Use du with the -c (print total) and -b (bytes) options:

$ ls -l
total 12
-rw-r--r-- 1 terdon terdon  6 Sep 29 17:36 a.txt
-rw-r--r-- 1 terdon terdon 12 Sep 29 17:38 b.txt
-rw-r--r-- 1 terdon terdon 17 Sep 29 17:38 c.txt

Now, run du:

$ du -bc a.txt b.txt c.txt
6   a.txt
12  b.txt
17  c.txt
35  total

And if you just want the total size in a variable:

$ var=$( du -bc a.txt b.txt c.txt | tail -n1 | cut -f1)
$ echo $var
35

answered Sep 29 '17 at 14:41

terdon

242,166

If I run without the b what is the number I get? – Jim Oct 02 '17 at 08:31
@Jim it's the space the file(s) use on the disk which depends on the filesystem block size. For example, consider printf '1234' > file. That creates a file with 4 bytes (wc -c file). On a system with a 4KiB block size (which is probably what you have), that will use 1 4KiB block on the file system. Now, look at printf '123' >file. wc -c file reports 3, du -b file also shows 3, but du file shows 4 since that is the size of the file on disk since the smallest unit of size for the file system is 4. But this really should be another question. – terdon Oct 02 '17 at 08:57
I did the test indeed I see printed 4 but what is the 4? bytes? Also how do I see the 1 4kiB block used? ls also shows 3 – Jim Oct 03 '17 at 08:21

Kusalananda · Answer 2 · 2017-10-02T09:55:42.983

9

Using stat and awk:

$ stat --printf '%s\n' some individual files here | awk '{ s += $1 } END { print s }'

stat with the given --printf format (on Linux) will output the file sizes of the given files. The awk code then sums these up and reports the grand total.

For macOS:

$ stat -f '%z' some individual files here | awk '{ s += $1 } END { print s }'

The stat utility is non-portable, but you may wrap it in a portability shell script (or shell function):

#!/bin/sh

case $(uname) in
    Linux)       stat --printf '%s\n' "$@" ;;
    Darwin|*BSD) stat -f '%z' "$@" ;;
    *) echo 'Unknown system. I do not know how stat works here' >&2
       exit 1 ;;
esac | awk '{ s += $1 } END { print s }'

This would be called as

$ ./script a b c

where a, b and c are the files whose size in bytes you'd like to add up.
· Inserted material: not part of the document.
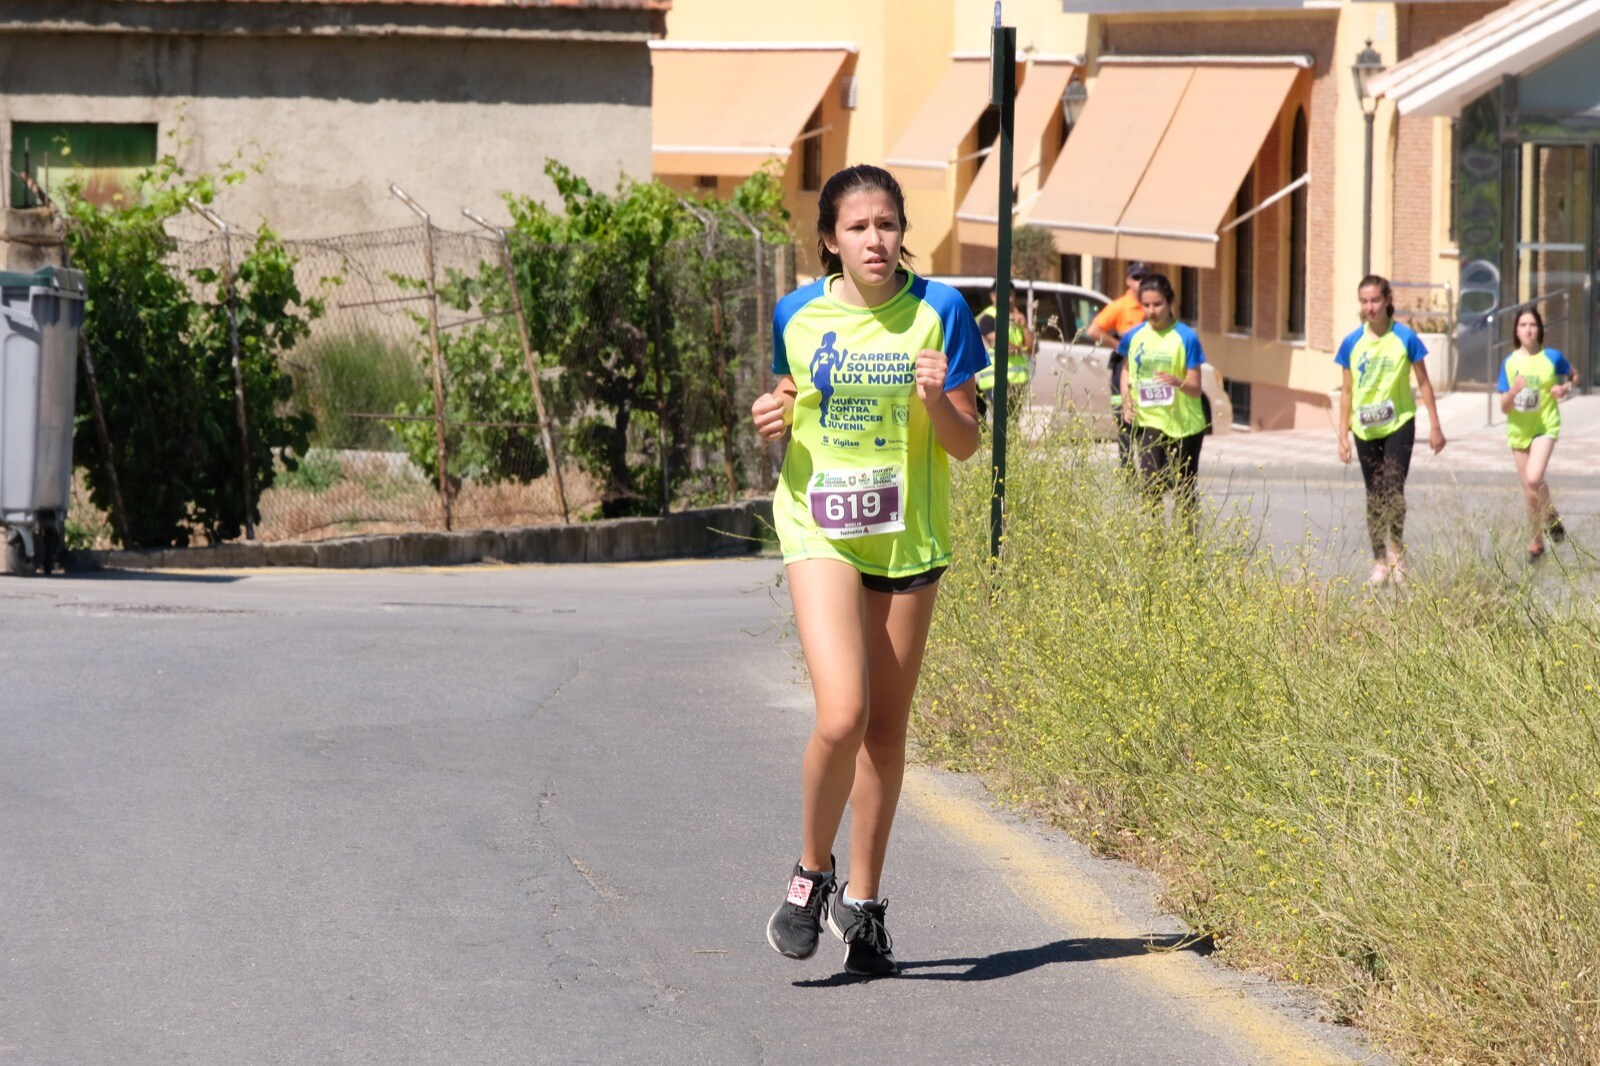 Con modalidades infantiles, una march-carrera y una prueba absoluta de 7 kilómetros, la carrera solidaria de Cájar ha celebrado su segunda edición con un gran ambiente

Another solution would be to install GNU coreutils on the macOS system to get access to the same stat implementation as on Linux.

On Linux, you'd be also be able to do

$ du -bcl some individual files here | awk 'END { print $1 }'

but there's no equivalent to this on macOS or the BSD systems (the -b flag is not implemented) unless GNU coreutils is installed.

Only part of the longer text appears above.